**Problem description**
Copy, word for word, the opening line of the data and each line after it until the line that contains "Nepal had seven", which is included. Leave the pictures out.

**Source data**
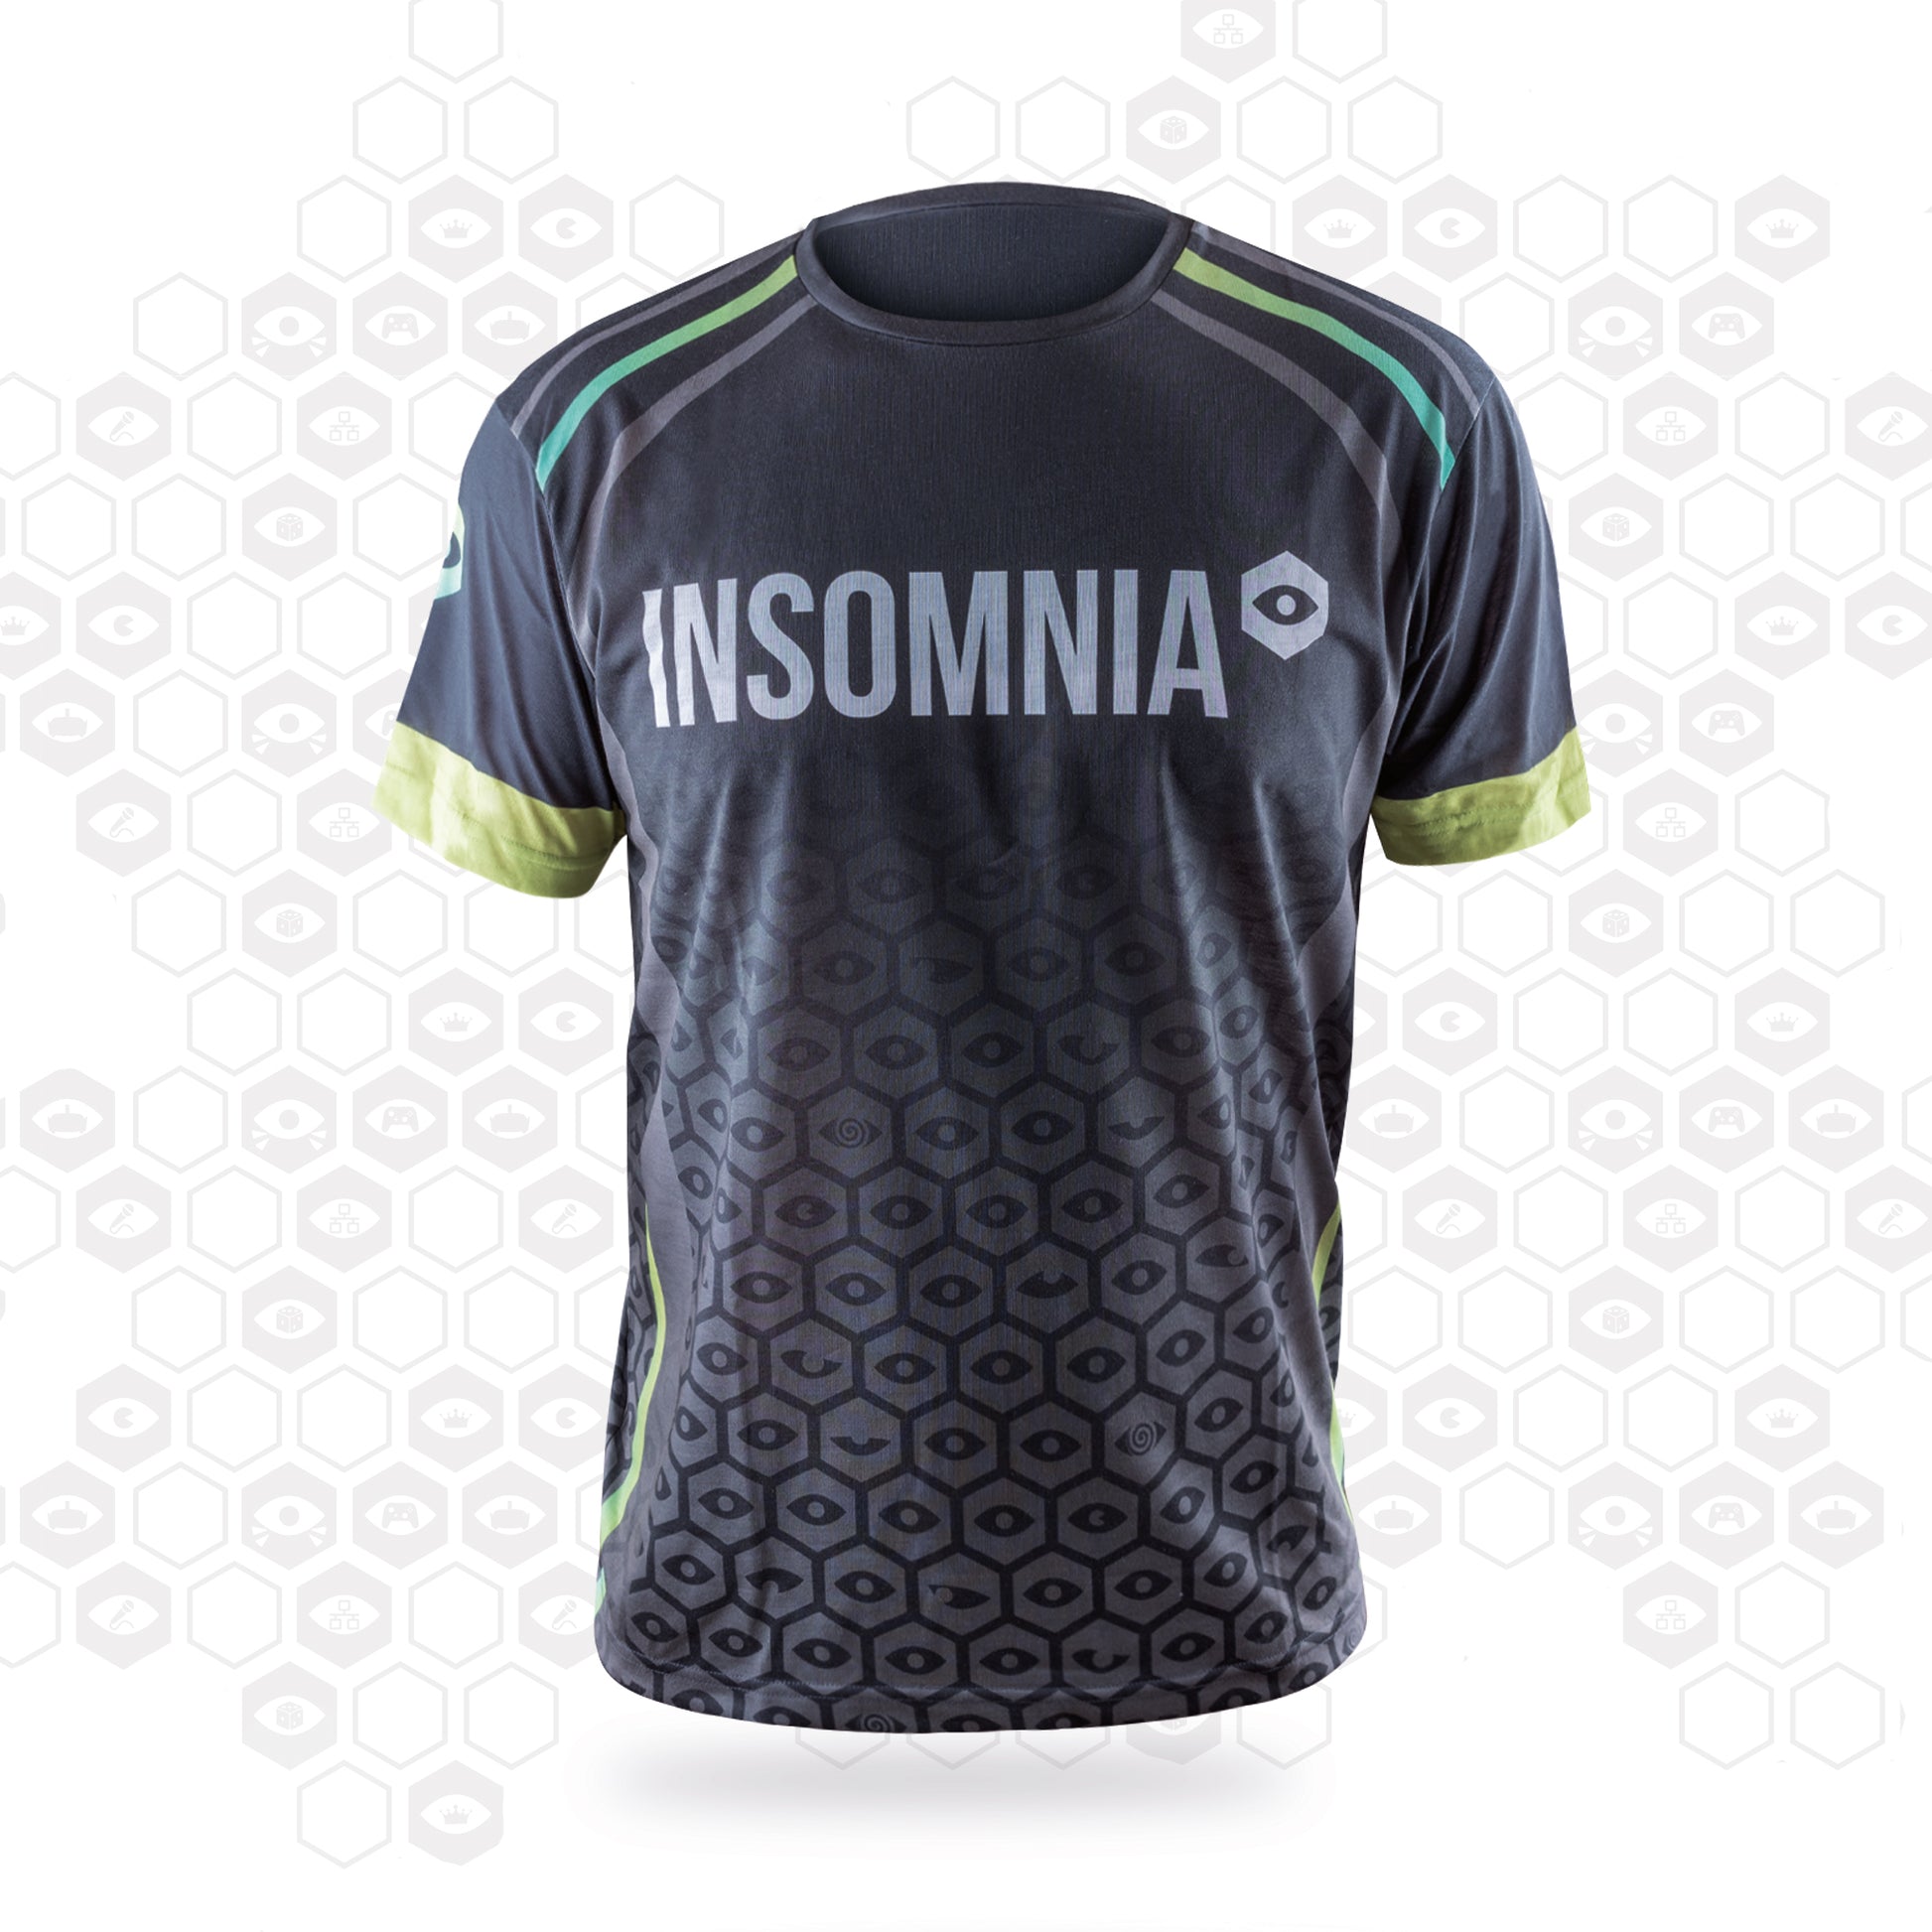 performance t-shirt with insomnia logo across the chest. Tone on tone insomnia eye motif pattern in the body and green detailing on the sleeves, shoulders, and sides.
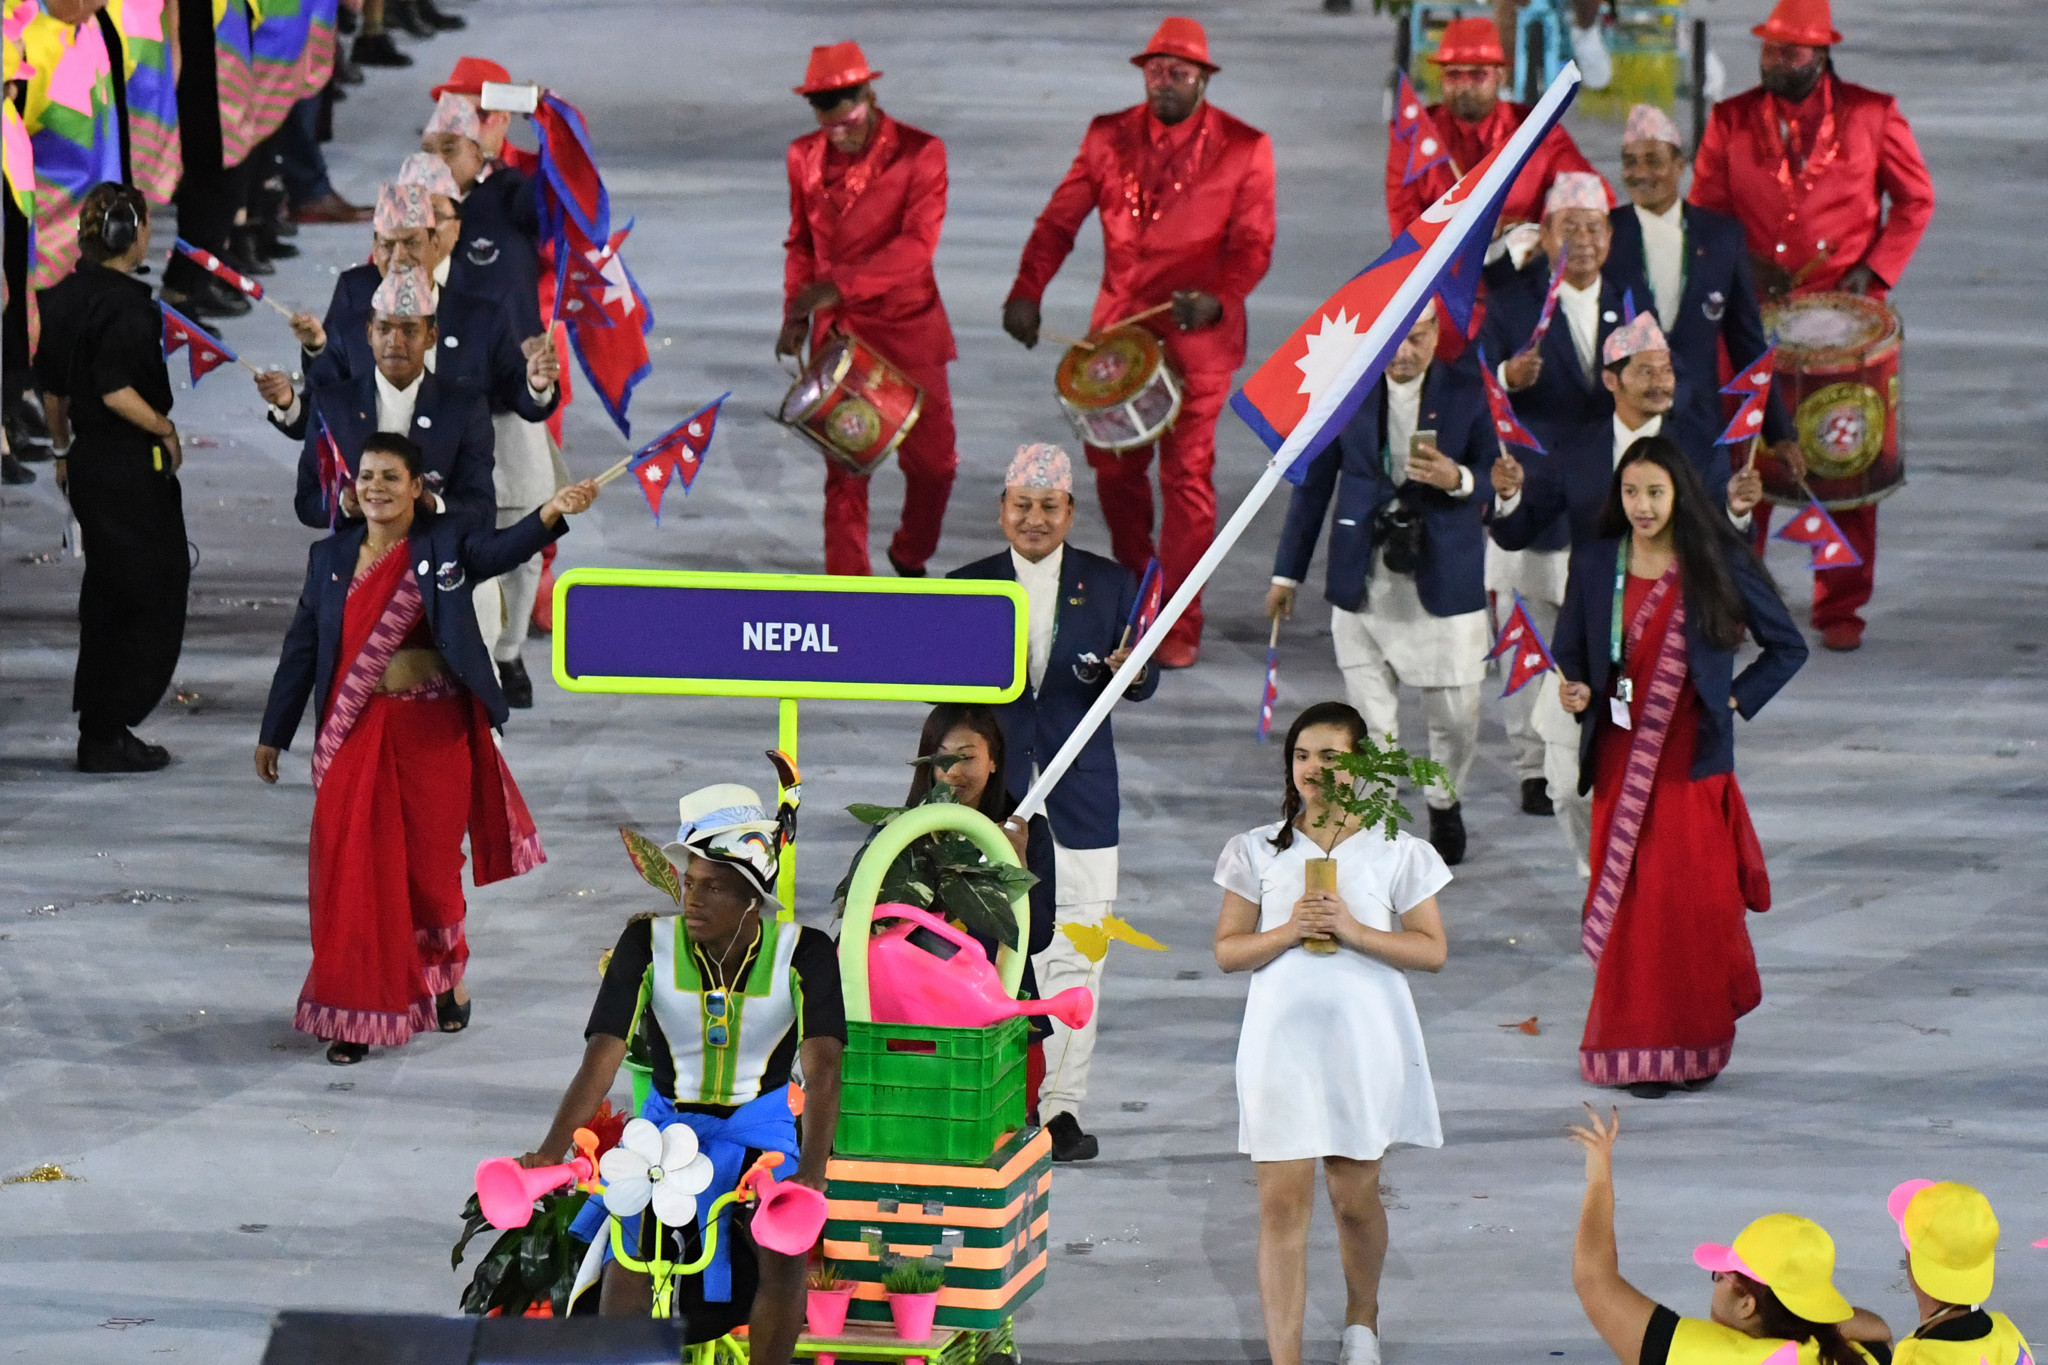 Nepal had seven athletes represent the nation at the Rio 2016 Olympics ©Getty Images
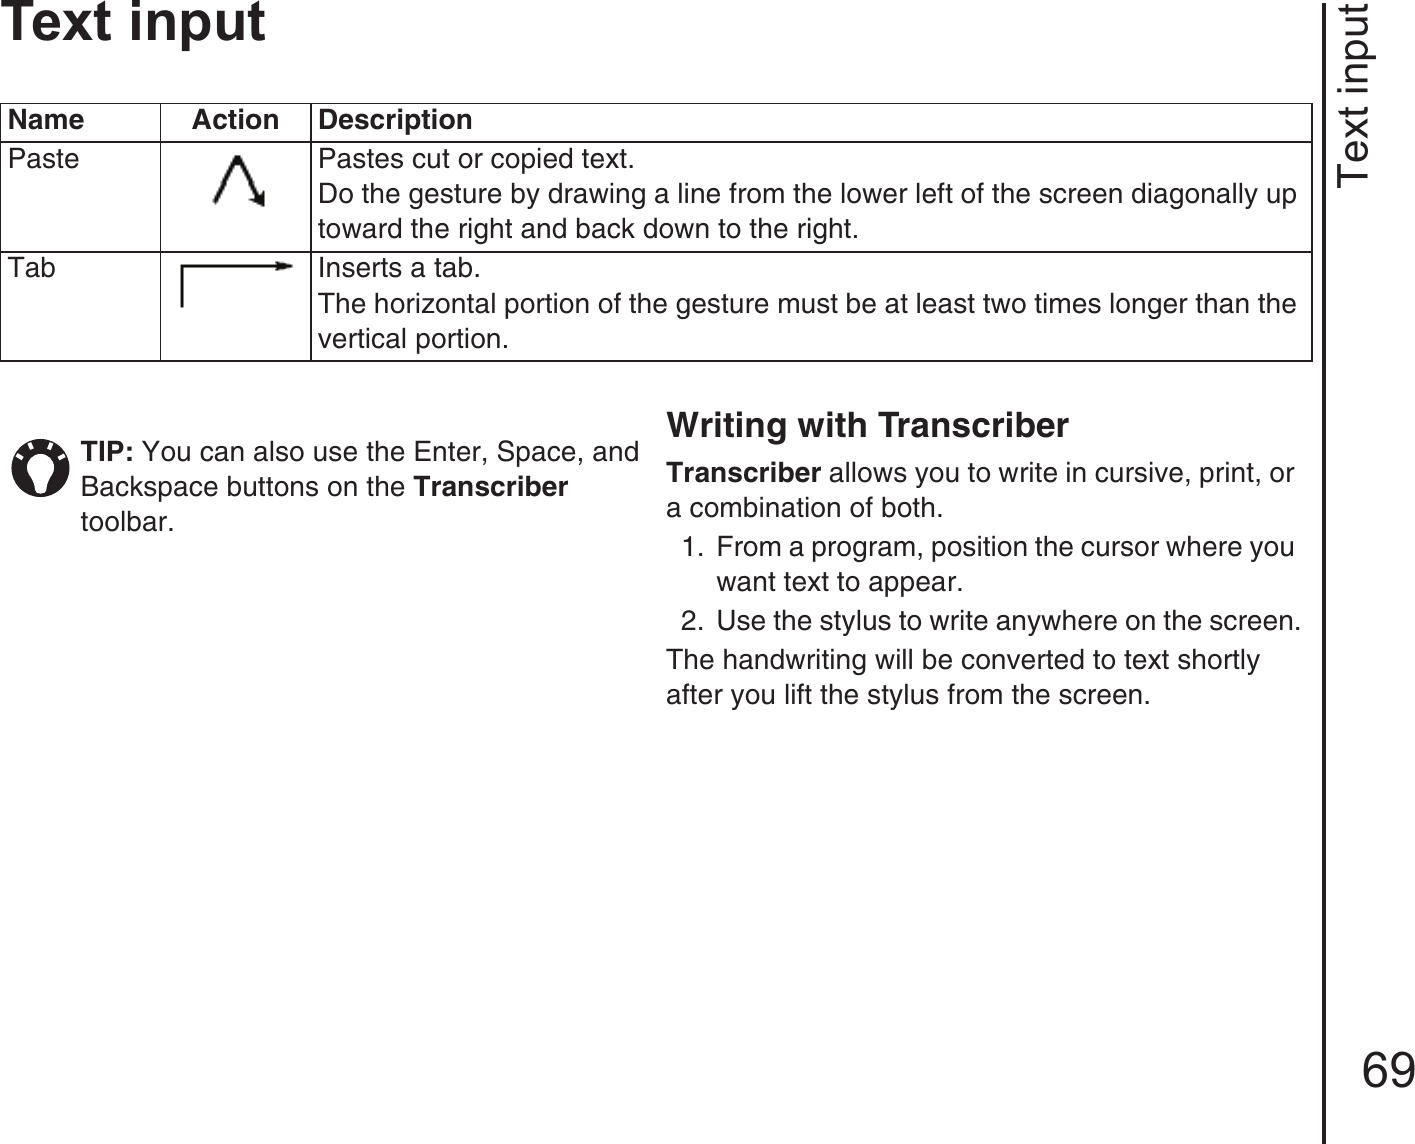 Text input69Text inputWriting with TranscriberTranscriber allows you to write in cursive, print, or a combination of both.1.  From a program, position the cursor where you want text to appear.2.  Use the stylus to write anywhere on the screen.The handwriting will be converted to text shortly after you lift the stylus from the screen.Name Action DescriptionPaste Pastes cut or copied text.Do the gesture by drawing a line from the lower left of the screen diagonally up toward the right and back down to the right.Tab Inserts a tab.The horizontal portion of the gesture must be at least two times longer than the vertical portion.TIP: You can also use the Enter, Space, and Backspace buttons on the Transcriber toolbar.

**Solution to this exercise**
 performance t-shirt with insomnia logo across the chest. Tone on tone insomnia eye motif pattern in the body and green detailing on the sleeves, shoulders, and sides.
 Nepal had seven athletes represent the nation at the Rio 2016 Olympics ©Getty Images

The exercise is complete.